One reason why the issues that have divided Anglicans over the last 50 years have proved so difficult is that they stir up ecclesiological questions. Which body or bodies (if any) have moral authority to speak on behalf of the Communion to its individual churches? What deference (if any) should be accorded to their pronouncements?

The 1997 Virginia Report commented positively on the ACC as including laypeople, but noted that its existence “raises questions,” whereas the Primates’ Meetings “have an inherent authority by virtue of the office which they hold as chief pastors.” It emphasized the bishop’s role as “one who represents the part to the whole and the whole to the part, the particularity of each diocese to the whole Communion and the Communion to each diocese.” In 2008 the Windsor Continuation Group observed, “Not all believe that a representative body is the best way to express the contribution of the whole people of God at a worldwide level.”

Misperceptions of the history of the Anglican “instruments of Communion” compound such disagreement. One widely believed account runs something like this. Until 1968, the Lambeth Conference was the only inter-Anglican structure. The Anglican Consultative Council added a smaller body, meeting more frequently, its inclusion of laypeople and clergy reflecting fundamental Anglican principles. The Primates’ Meeting — the newest body — is novel in comprising only the senior bishop of each church. Its pronouncing on divisive issues conflicts both with Anglican principles and with the original intention that it should merely be a fellowship group for church leaders. None of this is true, as this article will show.

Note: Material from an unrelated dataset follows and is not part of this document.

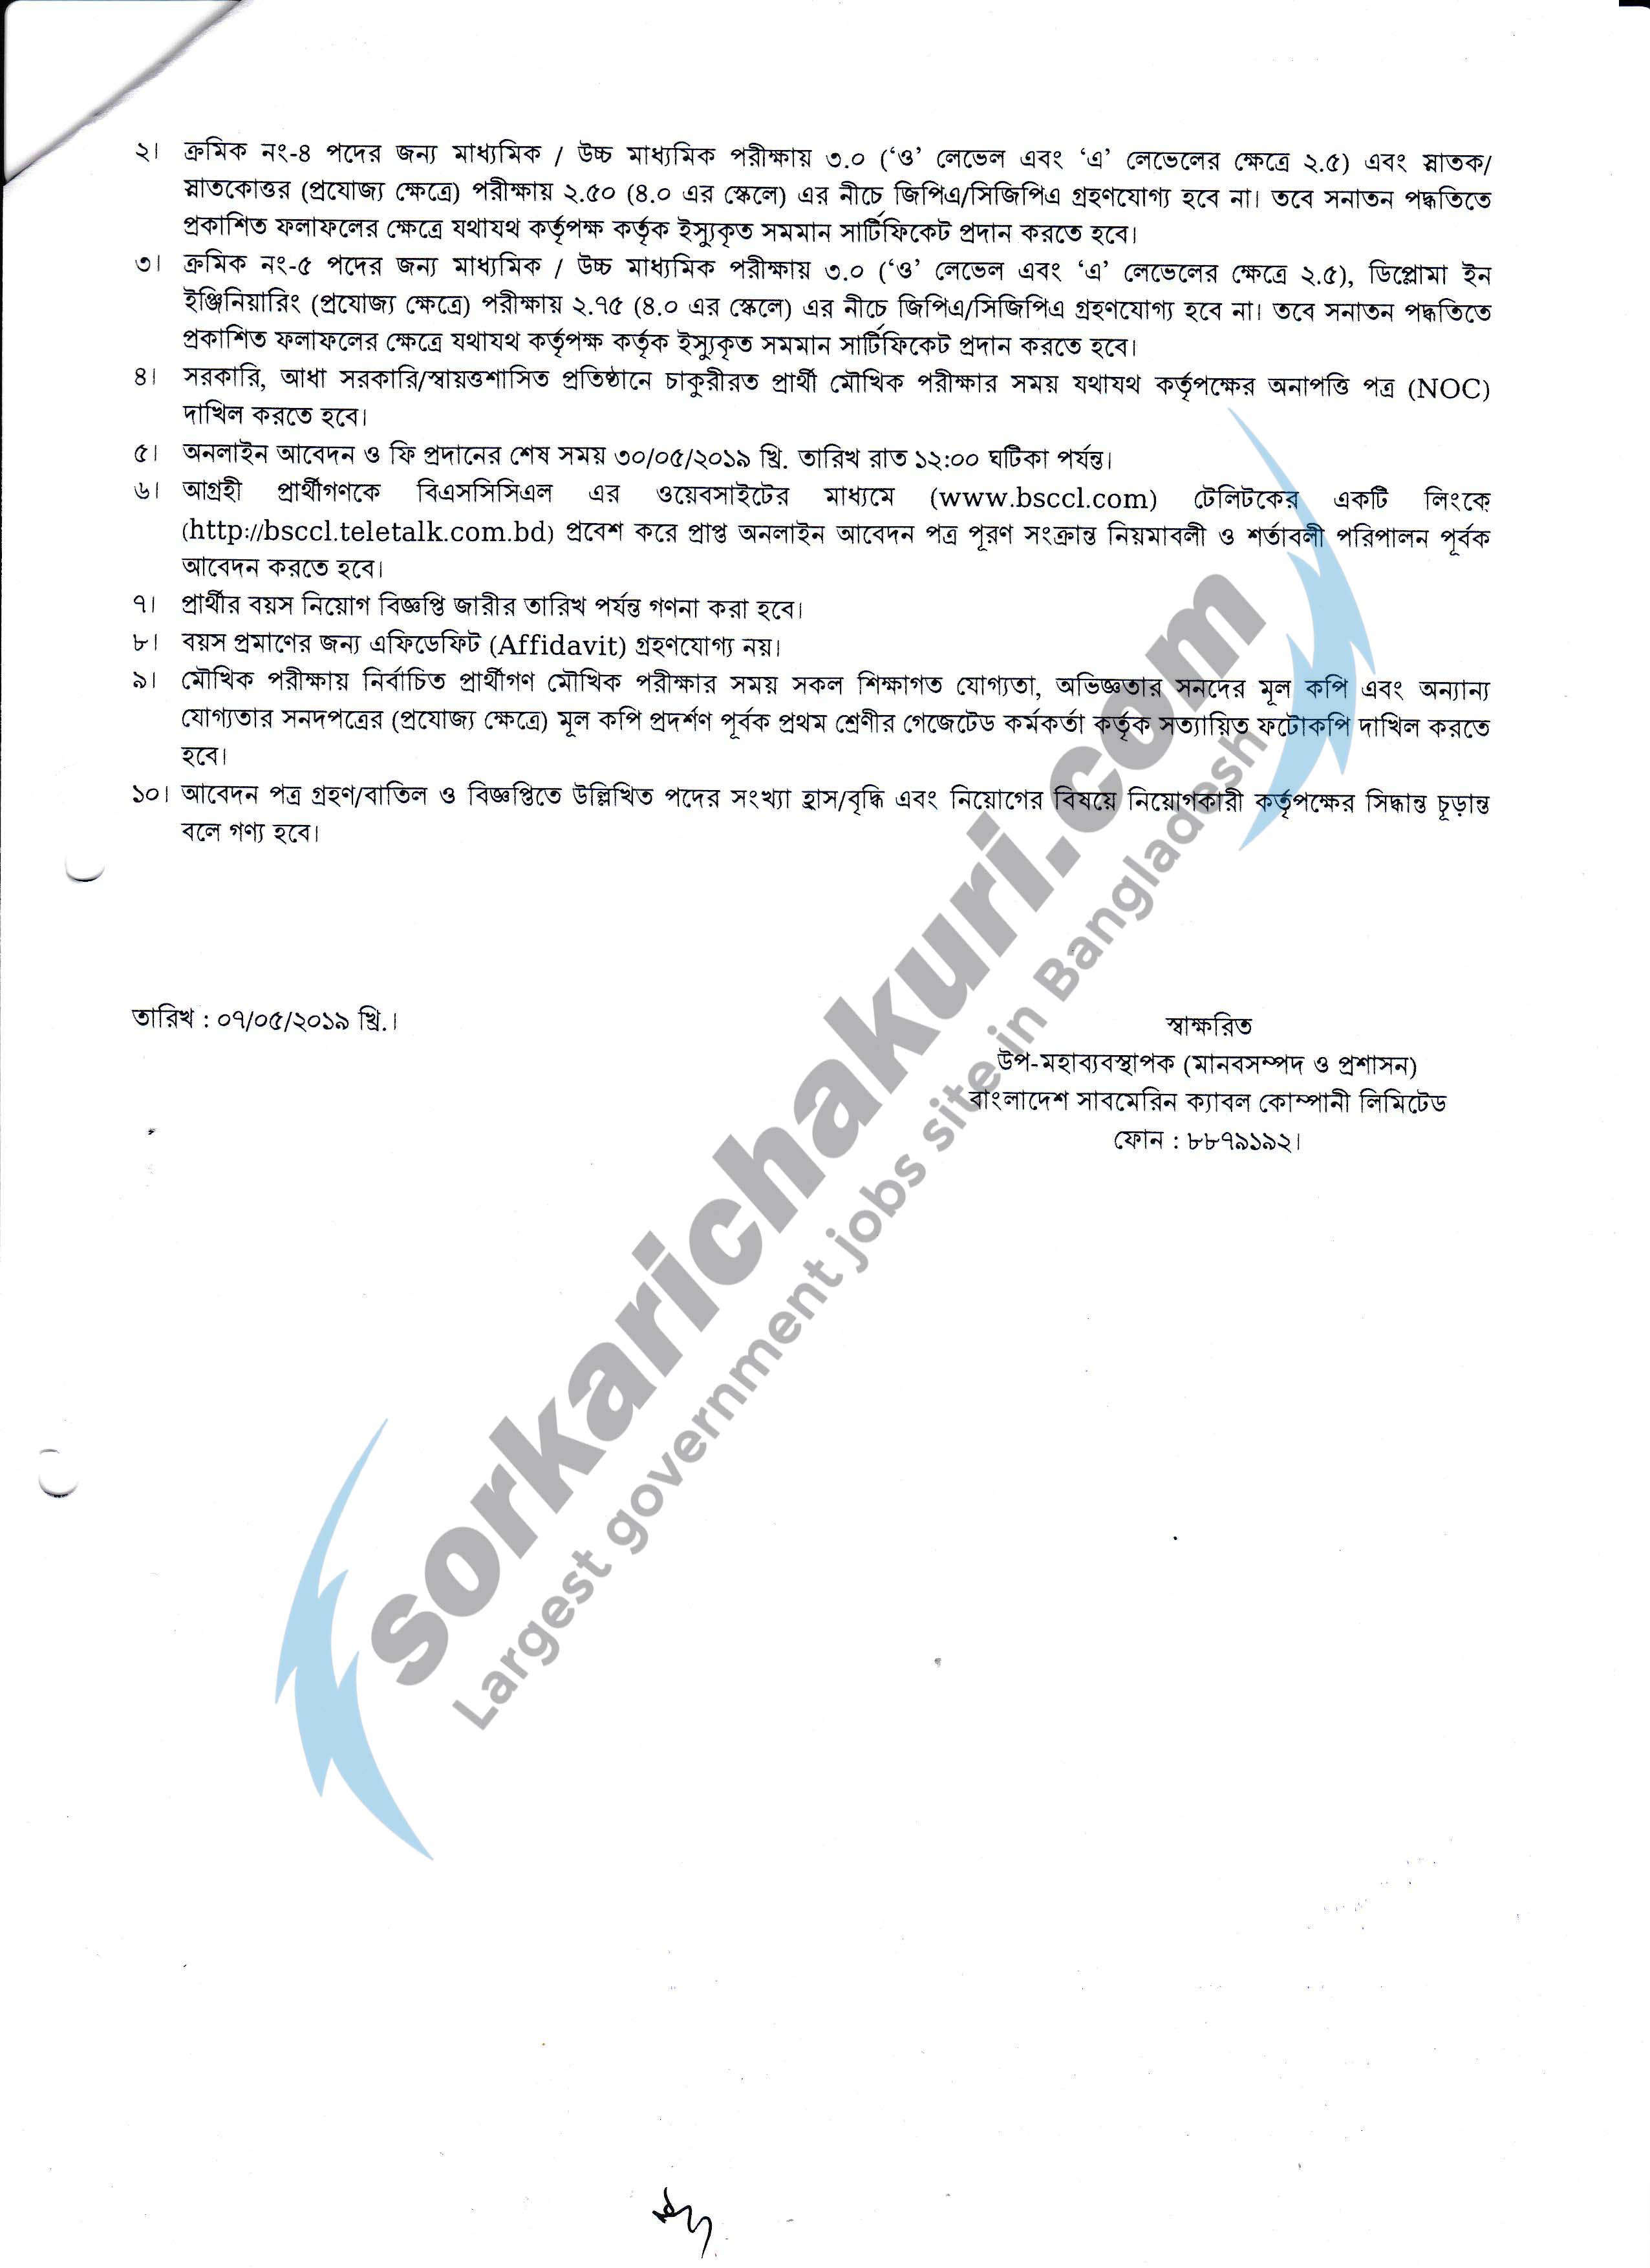 Bangladesh Submarine Cable Company Limited Jobs Circular 2019

From 1867 onwards there were increasing calls for a body to which the developing colonial churches could refer disputed questions. Each of the first four Lambeth Conferences failed to reach agreement on this. The relevant committee of the 1897 Conference proposed a “tribunal of reference,” with a remit limited to questions submitted by Church of England bishops or by “Colonial and Missionary Churches” (and hence no role in respect of Ireland, Scotland, or the United States). Even this could not command consensus, so the relevant motions were not put. As the 1908 Lambeth Conference noted, the position of the American Episcopal Church, which “precludes any approach to a foreign court,” was the main obstacle.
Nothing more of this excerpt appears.